Special Submission RADIATION EDUCATION, RISK COMMUNICATION, OUTREACH, AND POLICY (PROGRAM AREA COMMITTEE 7)—SESSION Q&A Questions for Drs. Locke & Boyd Q: How can we successfully communicate with members of the public the risks perceived as large that either do not exist or are extremely small, specifically cell phone radiofrequency emission and general-use, full-body x-ray security screening systems? Locke: One way to approach “risk communication” is to remember that the “risk” part of this term is comprised of two pieces—hazard and outrage.
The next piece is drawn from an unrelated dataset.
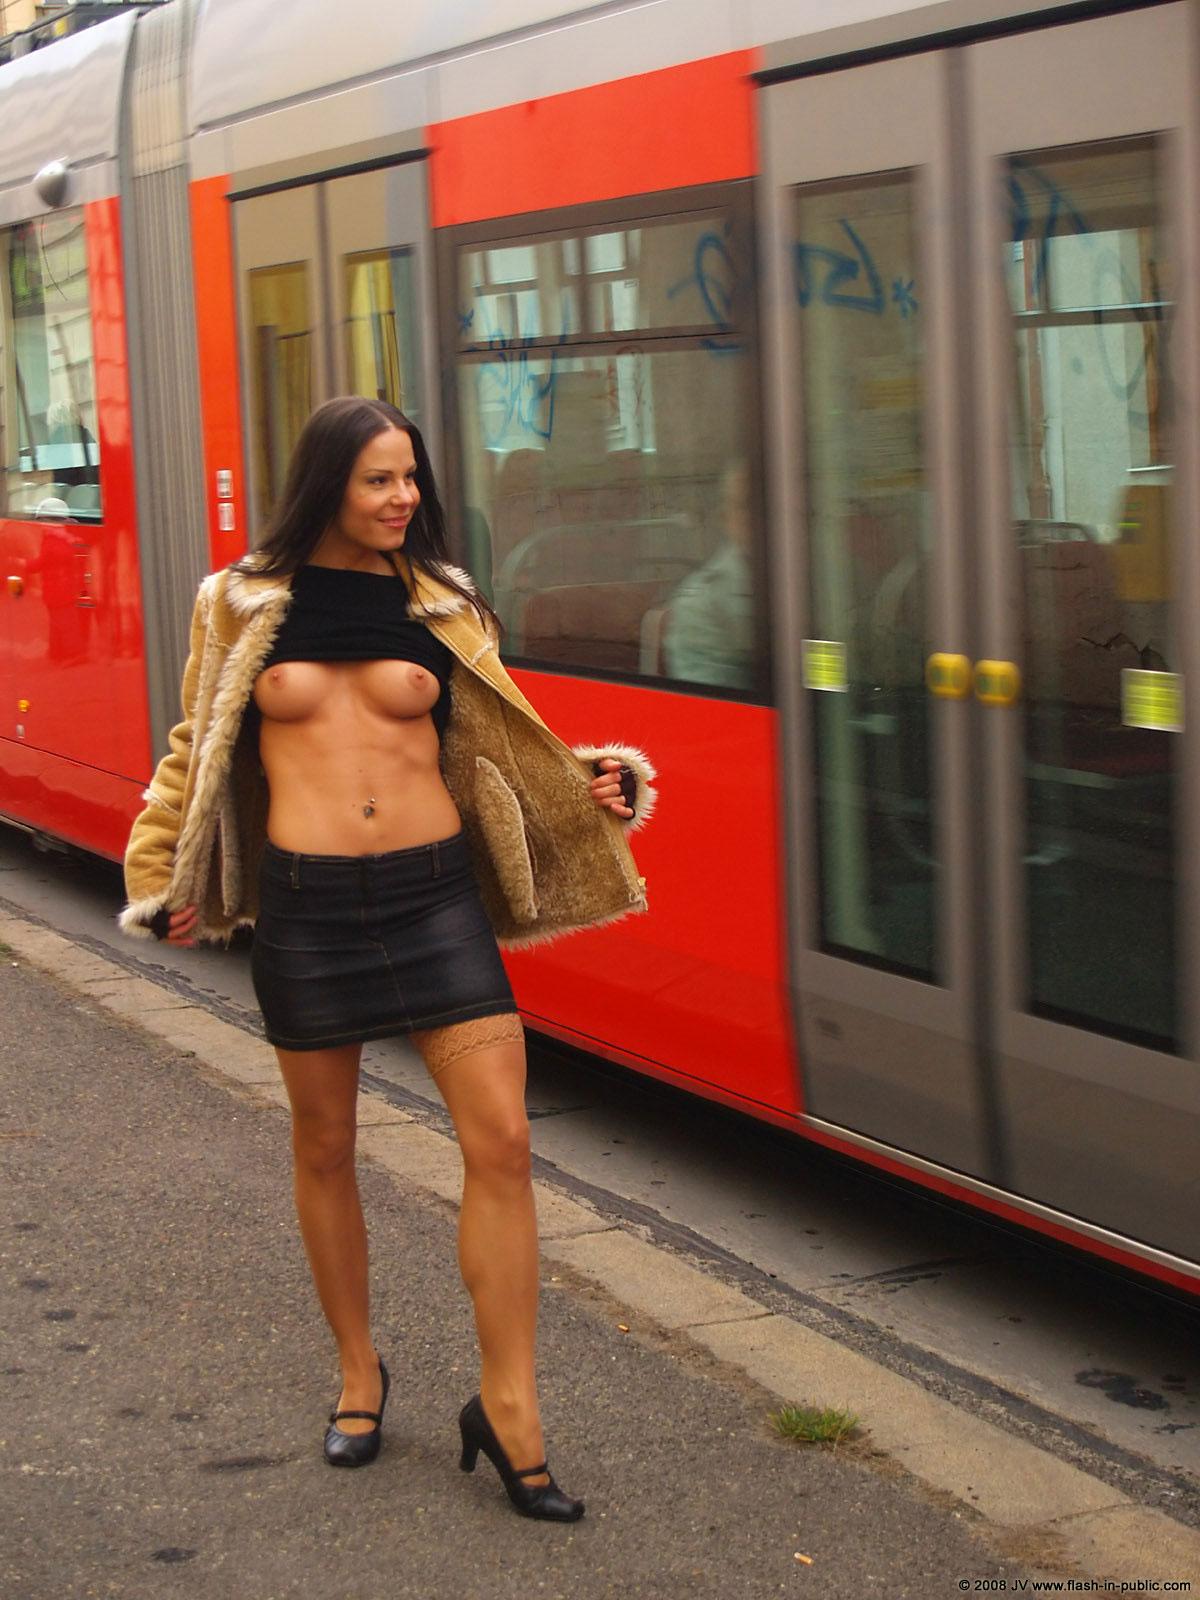 alexandra-g-bottomless-stockings-flash-in-public-38

By hazard, I mean the technical component of risk, which usually is based on a risk assessment that incorporates the most up-to-date credible science. I think your question refers to this technical component when you say that risks are extremely small or do not exist. As scientists, we are often most comfortable with this piece. The public, however, also considers “outrage” in assessing risk. The outrage piece of risk has more of a social and perceptual basis and can depend upon things like the voluntariness of the risk, its “dread factor” (remember that ionizing radiation has a high dread factor), its familiarity, and the control, or lack of control, over it.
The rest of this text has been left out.